EXERCISE DATA:
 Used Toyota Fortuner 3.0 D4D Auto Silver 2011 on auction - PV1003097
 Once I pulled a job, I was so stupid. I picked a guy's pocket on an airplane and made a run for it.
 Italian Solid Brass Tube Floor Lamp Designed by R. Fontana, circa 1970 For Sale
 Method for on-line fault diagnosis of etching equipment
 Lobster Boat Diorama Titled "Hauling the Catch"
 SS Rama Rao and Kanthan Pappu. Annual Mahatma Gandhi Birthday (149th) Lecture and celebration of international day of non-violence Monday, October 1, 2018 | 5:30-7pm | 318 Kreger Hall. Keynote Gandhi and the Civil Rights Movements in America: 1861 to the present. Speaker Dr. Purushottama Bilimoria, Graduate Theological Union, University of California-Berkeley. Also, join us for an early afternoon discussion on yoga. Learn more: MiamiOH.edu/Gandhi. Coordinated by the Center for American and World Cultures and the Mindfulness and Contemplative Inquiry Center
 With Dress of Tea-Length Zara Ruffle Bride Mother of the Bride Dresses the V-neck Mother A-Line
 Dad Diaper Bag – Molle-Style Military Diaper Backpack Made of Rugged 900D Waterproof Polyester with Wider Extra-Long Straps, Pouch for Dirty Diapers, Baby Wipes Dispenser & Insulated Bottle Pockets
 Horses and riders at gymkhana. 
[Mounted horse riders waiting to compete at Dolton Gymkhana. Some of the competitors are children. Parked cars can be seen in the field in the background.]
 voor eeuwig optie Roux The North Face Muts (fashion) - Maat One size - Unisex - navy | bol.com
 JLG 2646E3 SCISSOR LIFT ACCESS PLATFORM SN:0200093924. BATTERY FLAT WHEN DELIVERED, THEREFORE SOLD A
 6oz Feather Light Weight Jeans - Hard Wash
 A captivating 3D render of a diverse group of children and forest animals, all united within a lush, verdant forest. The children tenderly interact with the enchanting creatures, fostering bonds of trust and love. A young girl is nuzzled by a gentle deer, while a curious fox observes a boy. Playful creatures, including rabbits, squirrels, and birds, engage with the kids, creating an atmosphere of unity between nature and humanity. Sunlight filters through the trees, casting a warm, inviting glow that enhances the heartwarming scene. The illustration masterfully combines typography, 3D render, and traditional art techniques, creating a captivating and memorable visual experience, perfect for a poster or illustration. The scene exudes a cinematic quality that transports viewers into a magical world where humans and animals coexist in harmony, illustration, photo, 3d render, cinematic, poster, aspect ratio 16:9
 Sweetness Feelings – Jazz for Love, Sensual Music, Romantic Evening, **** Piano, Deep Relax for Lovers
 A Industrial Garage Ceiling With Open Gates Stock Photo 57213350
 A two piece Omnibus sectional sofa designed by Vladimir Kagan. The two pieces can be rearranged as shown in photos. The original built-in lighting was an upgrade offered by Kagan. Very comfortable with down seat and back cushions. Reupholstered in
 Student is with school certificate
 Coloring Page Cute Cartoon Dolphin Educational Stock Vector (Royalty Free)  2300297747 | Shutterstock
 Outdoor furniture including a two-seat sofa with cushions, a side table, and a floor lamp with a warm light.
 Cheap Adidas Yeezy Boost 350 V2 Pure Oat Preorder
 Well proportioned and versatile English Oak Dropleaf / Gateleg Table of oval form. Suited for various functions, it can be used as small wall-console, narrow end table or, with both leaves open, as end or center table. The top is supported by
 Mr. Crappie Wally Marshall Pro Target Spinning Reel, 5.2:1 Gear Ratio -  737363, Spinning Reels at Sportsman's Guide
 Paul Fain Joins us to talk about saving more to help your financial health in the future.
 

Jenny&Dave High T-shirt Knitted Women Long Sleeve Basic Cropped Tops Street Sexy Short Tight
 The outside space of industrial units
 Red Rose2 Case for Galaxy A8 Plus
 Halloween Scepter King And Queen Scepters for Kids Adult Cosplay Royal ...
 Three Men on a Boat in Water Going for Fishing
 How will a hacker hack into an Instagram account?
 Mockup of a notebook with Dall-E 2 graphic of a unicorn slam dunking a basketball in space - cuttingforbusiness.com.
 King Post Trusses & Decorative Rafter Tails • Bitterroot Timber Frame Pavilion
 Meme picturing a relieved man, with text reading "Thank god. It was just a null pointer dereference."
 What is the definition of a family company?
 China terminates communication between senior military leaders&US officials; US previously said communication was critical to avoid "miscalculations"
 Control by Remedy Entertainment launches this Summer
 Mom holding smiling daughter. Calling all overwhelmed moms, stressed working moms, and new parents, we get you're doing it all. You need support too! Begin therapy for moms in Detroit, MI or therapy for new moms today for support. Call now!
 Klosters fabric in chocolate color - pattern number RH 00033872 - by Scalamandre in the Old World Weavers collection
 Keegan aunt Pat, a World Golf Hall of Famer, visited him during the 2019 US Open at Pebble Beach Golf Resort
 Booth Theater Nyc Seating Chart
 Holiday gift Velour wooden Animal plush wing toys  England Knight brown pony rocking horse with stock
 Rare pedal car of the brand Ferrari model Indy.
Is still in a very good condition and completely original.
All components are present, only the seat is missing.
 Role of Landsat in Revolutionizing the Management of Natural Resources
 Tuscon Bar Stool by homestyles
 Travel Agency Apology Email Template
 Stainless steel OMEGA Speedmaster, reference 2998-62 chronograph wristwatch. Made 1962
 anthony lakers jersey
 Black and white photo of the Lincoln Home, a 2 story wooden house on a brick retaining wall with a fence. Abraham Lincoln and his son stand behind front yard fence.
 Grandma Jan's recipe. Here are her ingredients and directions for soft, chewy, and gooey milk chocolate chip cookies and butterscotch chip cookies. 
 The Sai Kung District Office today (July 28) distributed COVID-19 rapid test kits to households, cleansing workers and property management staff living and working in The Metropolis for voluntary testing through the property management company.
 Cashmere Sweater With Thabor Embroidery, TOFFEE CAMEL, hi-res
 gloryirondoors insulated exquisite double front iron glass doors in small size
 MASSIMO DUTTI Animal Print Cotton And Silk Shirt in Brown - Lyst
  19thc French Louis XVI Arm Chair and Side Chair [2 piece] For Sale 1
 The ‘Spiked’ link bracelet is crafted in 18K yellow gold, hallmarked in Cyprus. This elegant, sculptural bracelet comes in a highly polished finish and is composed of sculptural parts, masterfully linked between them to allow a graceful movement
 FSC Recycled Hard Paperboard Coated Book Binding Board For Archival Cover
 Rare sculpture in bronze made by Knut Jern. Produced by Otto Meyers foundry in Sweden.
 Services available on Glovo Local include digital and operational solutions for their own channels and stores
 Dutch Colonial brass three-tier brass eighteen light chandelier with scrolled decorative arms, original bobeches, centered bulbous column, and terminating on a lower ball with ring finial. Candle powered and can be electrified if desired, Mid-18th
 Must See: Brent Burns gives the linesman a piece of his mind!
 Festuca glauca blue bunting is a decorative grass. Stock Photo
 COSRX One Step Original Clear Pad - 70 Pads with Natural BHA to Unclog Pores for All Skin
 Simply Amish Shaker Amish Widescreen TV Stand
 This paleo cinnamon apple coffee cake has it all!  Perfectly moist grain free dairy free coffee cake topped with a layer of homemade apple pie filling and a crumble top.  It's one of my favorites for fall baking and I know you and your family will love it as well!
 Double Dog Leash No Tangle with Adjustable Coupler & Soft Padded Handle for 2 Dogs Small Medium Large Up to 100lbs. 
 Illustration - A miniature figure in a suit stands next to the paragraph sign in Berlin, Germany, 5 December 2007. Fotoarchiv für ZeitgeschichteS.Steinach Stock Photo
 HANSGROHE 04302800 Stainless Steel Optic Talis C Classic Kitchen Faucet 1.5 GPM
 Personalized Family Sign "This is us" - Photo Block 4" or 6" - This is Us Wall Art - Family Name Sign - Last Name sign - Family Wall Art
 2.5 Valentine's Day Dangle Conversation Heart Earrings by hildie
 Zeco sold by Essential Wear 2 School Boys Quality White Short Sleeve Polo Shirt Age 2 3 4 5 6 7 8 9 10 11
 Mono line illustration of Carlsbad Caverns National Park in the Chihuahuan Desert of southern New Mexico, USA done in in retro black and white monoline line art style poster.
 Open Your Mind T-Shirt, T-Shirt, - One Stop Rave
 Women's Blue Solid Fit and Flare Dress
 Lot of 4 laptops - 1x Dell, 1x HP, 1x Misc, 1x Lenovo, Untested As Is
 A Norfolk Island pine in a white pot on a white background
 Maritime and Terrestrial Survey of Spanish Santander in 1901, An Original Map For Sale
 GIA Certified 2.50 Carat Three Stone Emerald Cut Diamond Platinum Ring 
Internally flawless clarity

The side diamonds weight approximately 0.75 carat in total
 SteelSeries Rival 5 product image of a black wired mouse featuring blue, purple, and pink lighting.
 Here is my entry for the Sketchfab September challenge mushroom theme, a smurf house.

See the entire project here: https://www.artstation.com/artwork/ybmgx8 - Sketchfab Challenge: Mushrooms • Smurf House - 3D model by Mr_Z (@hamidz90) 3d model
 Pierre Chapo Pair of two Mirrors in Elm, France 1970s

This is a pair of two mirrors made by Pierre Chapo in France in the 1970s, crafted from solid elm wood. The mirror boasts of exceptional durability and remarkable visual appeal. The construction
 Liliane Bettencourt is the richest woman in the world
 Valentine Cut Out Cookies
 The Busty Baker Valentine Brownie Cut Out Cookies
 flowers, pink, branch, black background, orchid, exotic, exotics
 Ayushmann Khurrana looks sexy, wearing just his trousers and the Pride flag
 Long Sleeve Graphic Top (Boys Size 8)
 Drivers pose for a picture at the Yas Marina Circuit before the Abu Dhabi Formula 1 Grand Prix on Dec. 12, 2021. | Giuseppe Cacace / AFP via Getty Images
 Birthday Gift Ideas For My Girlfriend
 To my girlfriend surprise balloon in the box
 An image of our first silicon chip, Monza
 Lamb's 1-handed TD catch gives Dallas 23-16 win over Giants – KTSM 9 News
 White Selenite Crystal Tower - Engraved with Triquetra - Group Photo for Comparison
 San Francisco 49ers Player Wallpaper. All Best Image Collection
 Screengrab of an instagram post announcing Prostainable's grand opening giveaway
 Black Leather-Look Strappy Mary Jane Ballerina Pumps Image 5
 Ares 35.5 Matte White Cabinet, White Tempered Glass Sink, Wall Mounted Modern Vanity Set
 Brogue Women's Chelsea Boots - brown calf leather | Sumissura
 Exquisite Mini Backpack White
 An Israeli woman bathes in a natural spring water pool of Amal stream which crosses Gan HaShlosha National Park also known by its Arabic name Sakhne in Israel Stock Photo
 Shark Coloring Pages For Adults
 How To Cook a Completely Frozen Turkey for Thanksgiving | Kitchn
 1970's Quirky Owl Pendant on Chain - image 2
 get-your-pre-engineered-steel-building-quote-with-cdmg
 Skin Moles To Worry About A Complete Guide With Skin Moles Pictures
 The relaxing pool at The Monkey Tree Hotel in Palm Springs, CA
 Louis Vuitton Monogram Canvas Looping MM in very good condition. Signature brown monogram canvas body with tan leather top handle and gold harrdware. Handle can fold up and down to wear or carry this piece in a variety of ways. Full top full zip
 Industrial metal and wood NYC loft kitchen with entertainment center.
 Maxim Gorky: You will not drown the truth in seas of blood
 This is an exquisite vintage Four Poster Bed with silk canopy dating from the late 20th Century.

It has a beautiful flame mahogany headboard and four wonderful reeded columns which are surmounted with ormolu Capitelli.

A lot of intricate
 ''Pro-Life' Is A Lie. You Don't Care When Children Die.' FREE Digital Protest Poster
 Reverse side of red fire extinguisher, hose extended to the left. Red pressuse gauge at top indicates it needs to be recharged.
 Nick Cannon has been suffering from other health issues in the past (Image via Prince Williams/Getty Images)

DESCRIPTION OF THE TASK: The required output is every line above from the one with "Black Leather-Look Strappy" down to the one with "Exquisite Mini Backpack White", restated word for word, ends included.

RESULT OF THE TASK:
 Black Leather-Look Strappy Mary Jane Ballerina Pumps Image 5
 Ares 35.5 Matte White Cabinet, White Tempered Glass Sink, Wall Mounted Modern Vanity Set
 Brogue Women's Chelsea Boots - brown calf leather | Sumissura
 Exquisite Mini Backpack White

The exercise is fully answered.